- Commandant's Letter of Commendation Ribbon
- Type: Individual award ribbon
- Awarded for: An act or service resulting in unusual and/or outstanding achievement
- Presented by: United States Department of Homeland Security
- Eligibility: Members of the Armed Forces of the United States, including foreign military personnel serving in any capacity with the Coast Guard
- Status: Currently awarded
- First award: 17 March 1979

Precedence
- Next (higher): Service achievement medals
- Next (lower): Coast Guard Combat Action Ribbon

= Commandant's Letter of Commendation Ribbon (United States Coast Guard) =

The Commandant's Letter of Commendation Ribbon is a personal military award of the United States Coast Guard.
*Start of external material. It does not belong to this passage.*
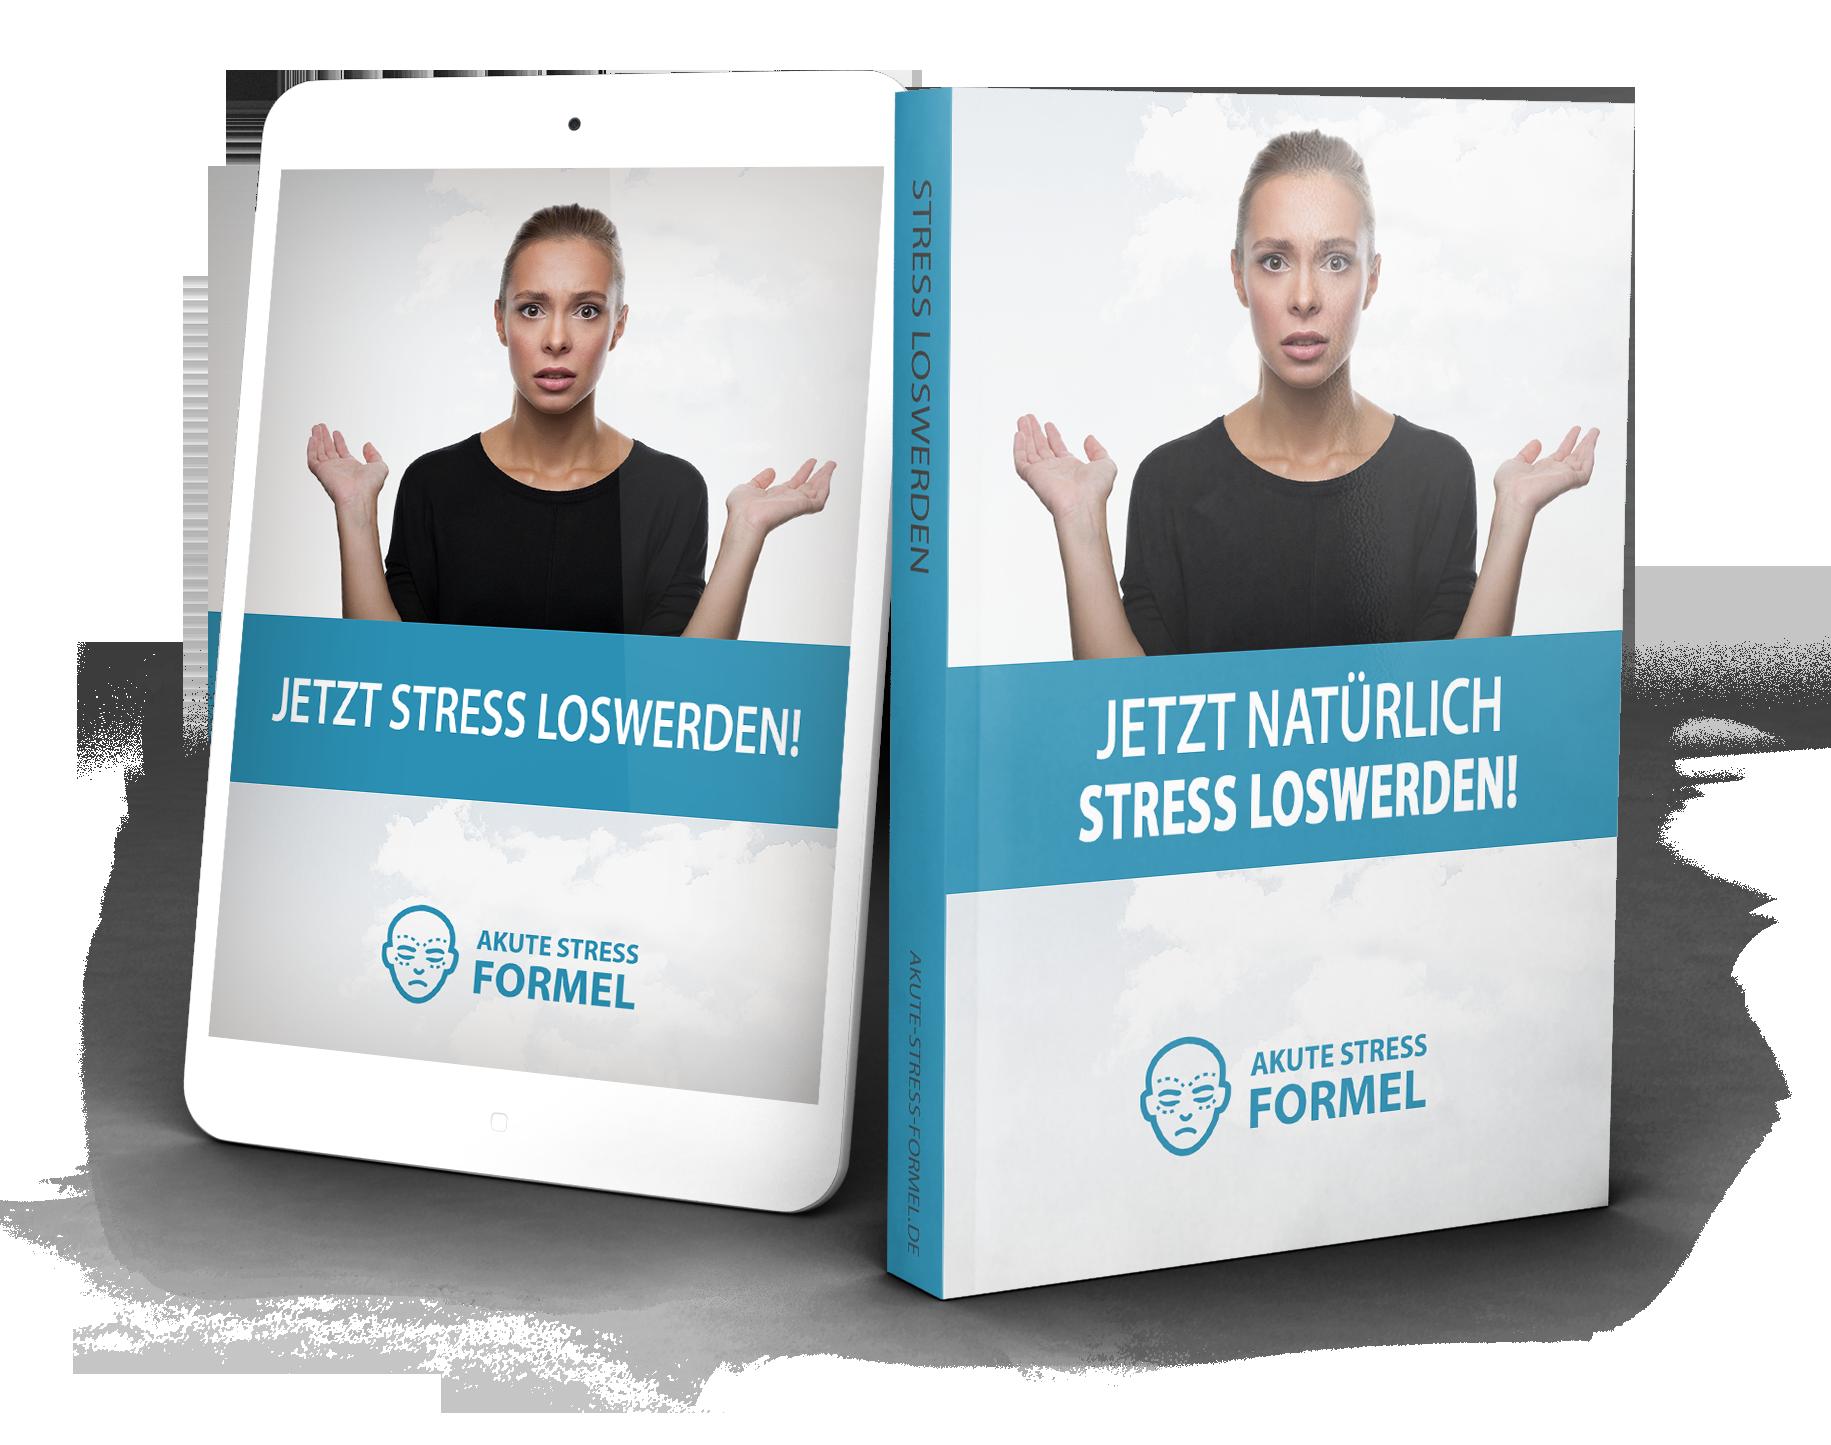 Akut Stress Formel

The award was established in March 1979 by Admiral John B. Hayes.

==Criteria==
The Commandant's Letter of Commendation Ribbon is awarded to any member of the Coast Guard who receives a Letter of Commendation from the Commandant of the United States Coast Guard. The decoration is retroactive to August 12, 1921 which was when the Commandant's Commendation Letter was first issued by Admiral William E. Reynolds.

Additional awards of the Commandant's Letter of Commendation Ribbon are denoted by 5/16 inch stars. The Commandant's Letter of Commendation Ribbon with the Operational Distinguishing Device may be authorized for operational and field condition achievements. Considering Coast Guard awards and decorations only, the Commandant's Letter of Commendation Ribbon is below the Coast Guard Achievement Medal in order of precedence.